The fourth dark energy force is, support multiple technology stacks. An application often needs to use multiple technology stacks. For example, a predominantly Java application might use Python for machine learning algorithms. The need for multiple technology stacks forces some domains to be packaged as separate services. What's more, it's easier to upgrade an application's technology stack if it consists of multiple small services. That's because the upgrade can be done incrementally, one service at a time. Small upgrade tasks are less risky, and much easier to schedule than a big bang upgrade. In addition, it's much easier to experiment with new technology stacks if the services are smaller. The fifth dark energy repulsive force is, separate domains by their characteristics. It's often beneficial to package subdomains with different characteristics as separate services. These characteristics include security requirements, regulatory compliance, and so on. For example, it's often easier and cheaper to scale an application if subdomains with very different resource requirements are packaged as separate services. For example, a subdomain that needs GPUs must run on an EC2 instance type that's eight times the cost of a general-purpose instance. You do not want to colocate it with services with different resource requirements. It could be extremely costly and wasteful if you did. Similarly, you can increase availability and make development easier by packaging business critical subdomains as their own services that run on dedicated infrastructure. For example, in a credit card payment application, business critical operations are those for charging credit cards. That's how money is made. Functionality such as merchant management, while it's important, is far less critical. You should therefore avoid packaging those subdomains together. Those are the dark energy forces that encourage decomposition.
Attractive Forces - Subdomains in Same Service
Let's now look at the dark matter forces that resist decomposition. They are generated by the system operations that span subdomains. The strength of those forces depends on the operation and the subdomains that it references. The first dark matter attractive force is simple interactions. An operation's interactions should be as simple as possible. Ideally, an operation should be local to a single service. That's because a simple local operation is easier to understand, maintain, and troubleshoot. As a result, you might want to colocate subdomains in order to simplify an operation. The second dark matter force is efficient interactions. An operation's interactions should also be as efficient as possible. You want to minimize the amount of data that's transferred over the network, as well as the number of round trips. As a result, you might want to colocate subdomains in order to implement an operation efficiently. The third force is, prefer ACID over BASE. System operations are best implemented as ACID transactions. That's because ACID transactions are a simple and familiar programming model. The challenge, however, is that ACID transactions do not work well across system boundaries. An operation that spans services cannot be ACID, and must use eventually consistent transactions, which are more complicated. As a result, you might want to colocate subdomains in order to make an operation ACID.

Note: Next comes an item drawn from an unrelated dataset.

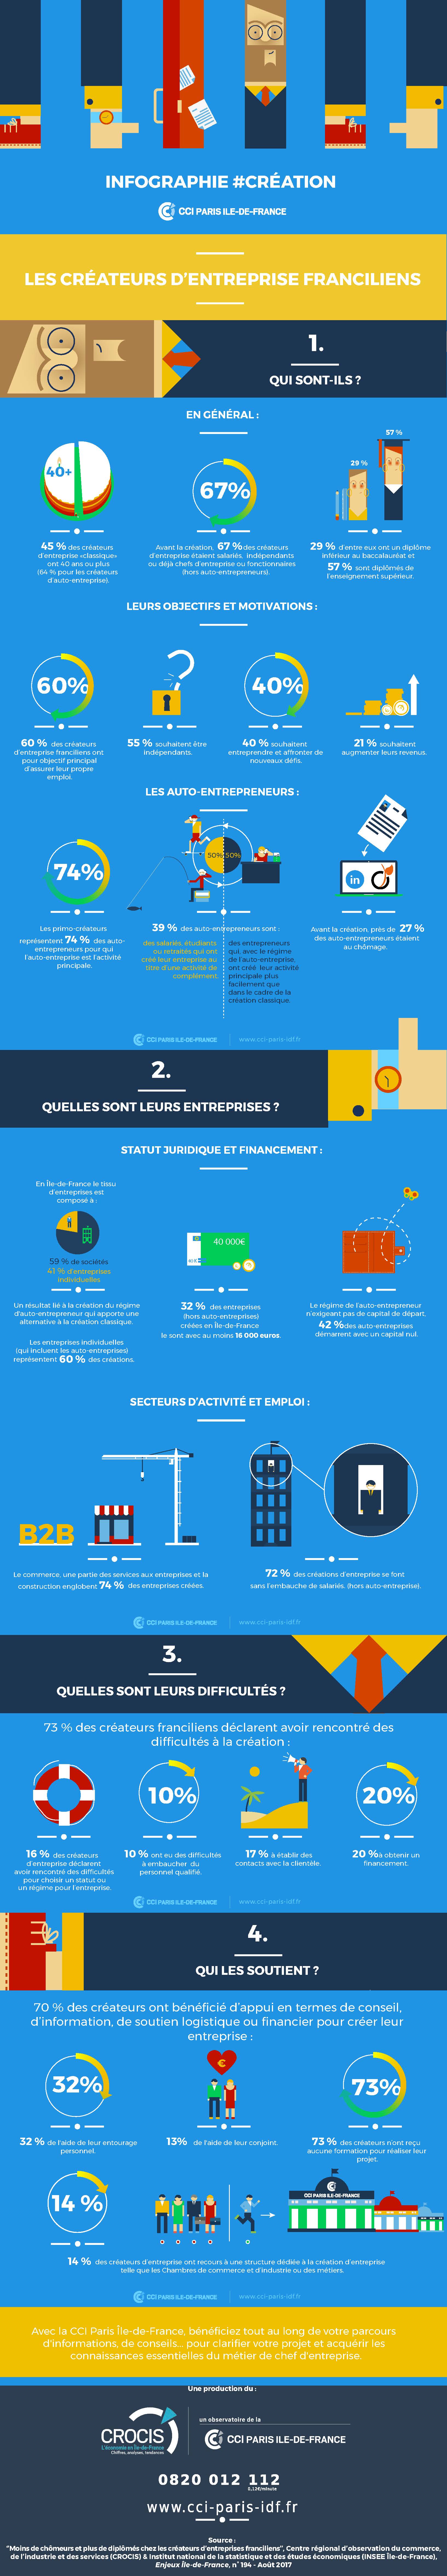 Infographie portrait des créateurs d'entreprise franciliens

The fourth dark matter force is, minimize runtime coupling. An essential characteristic of the microservice architecture is that services are loosely coupled. One aspect of loose coupling is loose runtime coupling. Tight runtime coupling is when one service affects the availability of another service. For example, service A cannot respond to a system operation request until service B responds to it. As a result, you might want to colocate subdomains in order to reduce the runtime coupling of an operation. The fifth dark matter force is, minimize design time coupling. The other aspect of loose coupling is loose design time coupling. Tight design time coupling is when changes to one service regularly requires another service to change in lockstep. Frequent lockstep changes are a serious architectural smell, because it impacts productivity, especially when those services are owned by different teams.

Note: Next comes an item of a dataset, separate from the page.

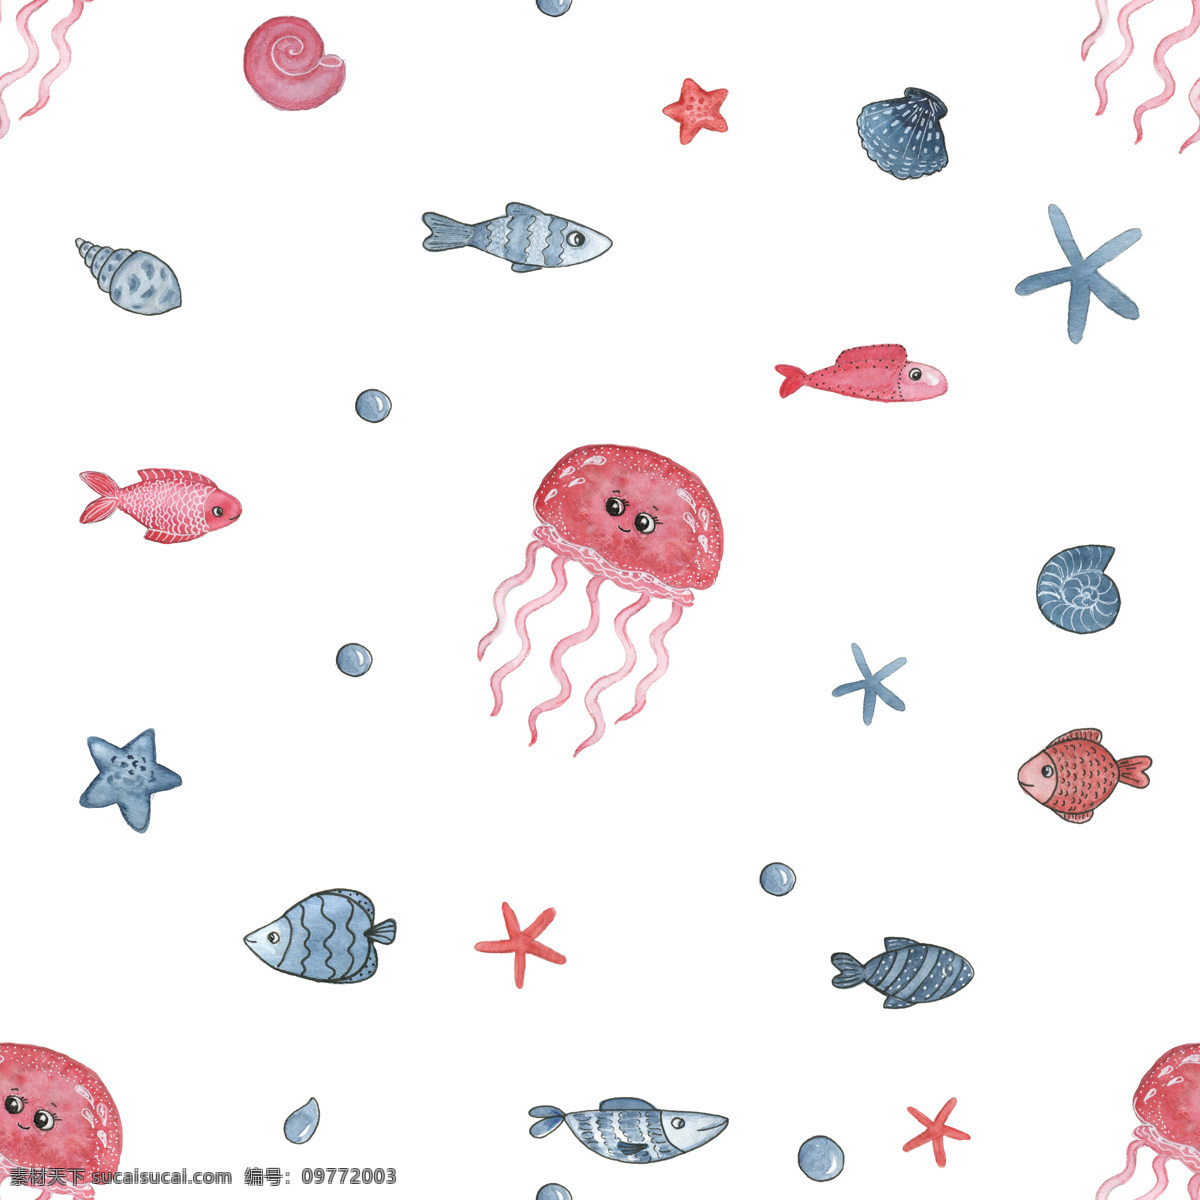 手绘 海底 世界 生物 背景 背景素材 海草 海星 红色 螺 水母 小雨

Some degree of coupling is inevitable when one service is a client of another. The goal should be to minimize design time coupling by ensuring that each service has a stable API that encapsulates its implementation. However, you cannot always eliminate design time coupling. For example, concepts often evolve to reflect changing requirements, especially in a new domain. If you put two tightly coupled subdomains in different services, then you will need to make expensive lockstep changes. For example, imagine that the customer service API regularly changes in ways that break the order service. In order to support zero downtime deployments, you will need to define a new version of the customer service API and support both the old and the new versions until the order service and any other clients have been migrated to the new version.
One option for handling tightly coupled subdomains is to colocate them in the same service. This approach avoids the complexities of having to change service APIs. The other option is to colocate the two services within the same Git repository. This eliminates the complexity of needing to make changes across multiple repositories. However, you might still have issues with service API management. As you can see, the dark energy and dark matter forces are in conflict. The dark energy forces encourage you to have smaller services. The dark matter forces encourage you to have large services, or in fact a monolith. When you are designing a microservice architecture, you must carefully balance these conflicting forces. Some operations as a result will have an optimal design, whereas others might have a less optimal design. It's important to design your architecture starting with the most critical operations first, so that they can have the optimal design. The less important operations might perhaps have lower availability, or higher latency. You must make these tradeoffs.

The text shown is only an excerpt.